In the present study, aggressive disease of BSN of less favourable prognosis was reported with 5-year OS was 45.9%. Yet, we don’t believe that low survival rate can be attributed to any BSN specific variables. Noticed poorer OS could rather be explained by the unfavourable underlying disease features; advanced stage 4 disease encountered in 20 patients (60.6%), amplified MYCN in 30%, unfavourable INPC in 81% and 45.5% of all patients had HR disease with 63.6% witnessed either relapse or progression. Older patients age (30% of study group) and disease unrelated deaths (5 out of 14) had an additional negative prognostic impact. The lack of detailed biological features in previous studies (case reports/series or population-based registries) can explain the diverse outcome between our results and previously published data.

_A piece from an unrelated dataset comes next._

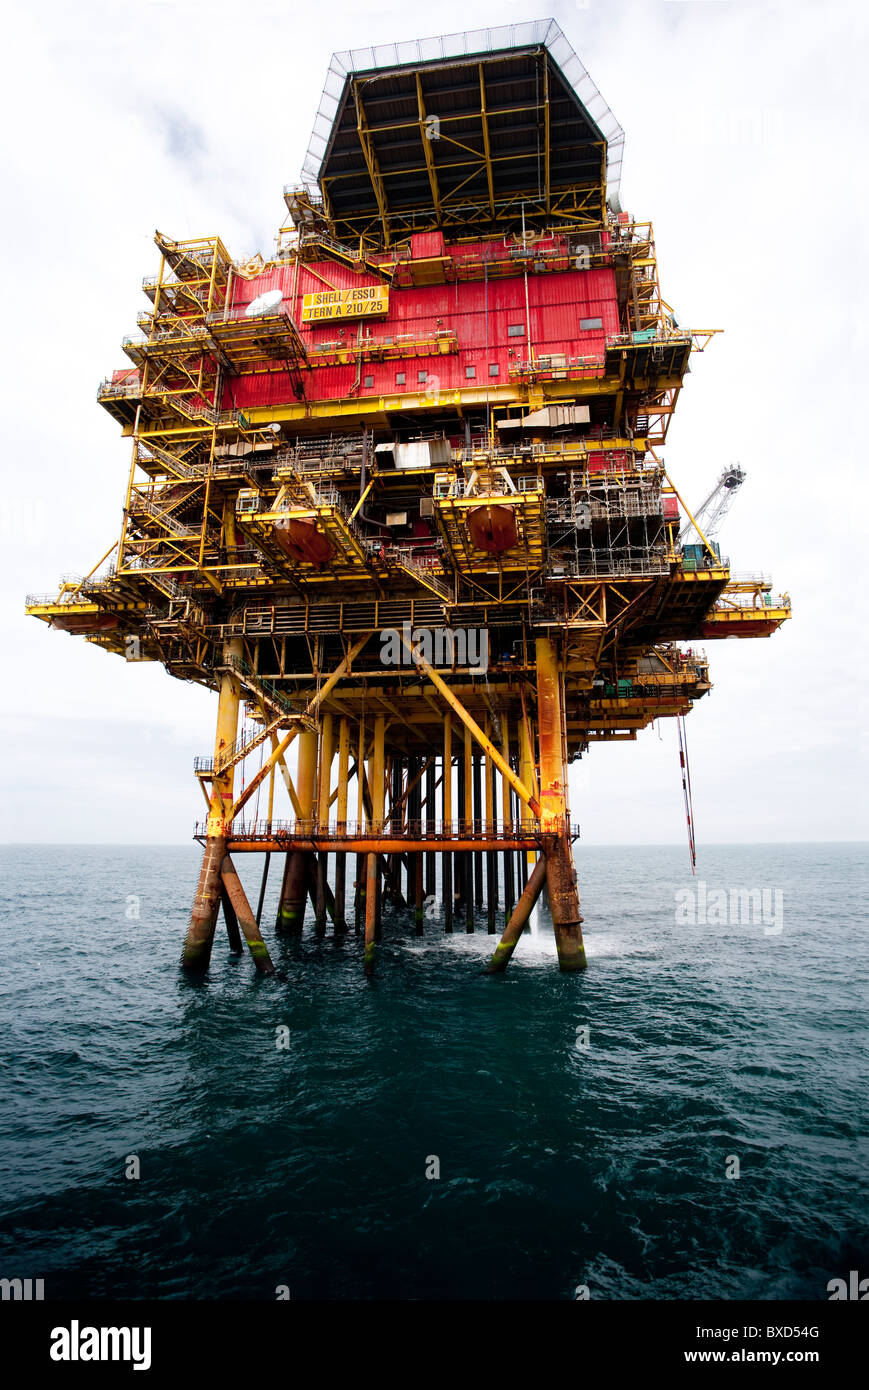 Schalten Sie eine Öl-Produktions-rig Stockbild

Treatment options for BSN are generally similar to those applied in unilateral disease management; based on multidisciplinary approach and risk stratification treatment strategy except for surgery. Aggressive surgical approach is might not be recommended due to low incidence of relapse in most of cases and to try minimizing the risk of adrenal failure following bilateral adrenalectomy [6].

The main goal of surgery in patients with NB should target most complete resection of the mass (achieving > 90% resection), preserving surrounding structures [24]. Adrenal sparing surgery on one side has been described with good outcome in BSN. This technique feasibility mostly depends on the presence of some normal-looking adrenal tissue and the chance to preserve at least one vein and one artery [25].

Size of the primary adrenal tumor at presentation and the difference between both right and left sides was investigated in this cohort. Interestingly, tumors with ≥ 5 cm difference of maximum diameter between two sides carried poorer prognosis compared to others. This unprecedented finding could be included in future studies as one of potential prognostic indicators that worth further investigation.

5 Conclusion

Bilateral suprarenal neuroblastoma is a rare presentation mostly occurring in infancy, its treatment is similar to unilateral disease. More conservative surgical approach with adrenal tissue preservation on less extensive side should be considered whenever feasible. Similar to unilateral disease, biological variables and extent of disease at presentation are amongst the most important prognostic determinants with currently no specific or unique underlying variables confirmed to be peculiar to BSN. Future studies are warranted to further address biologic profiling of BSN and highlight the prognostic significance of size difference between tumors on both adrenal sides.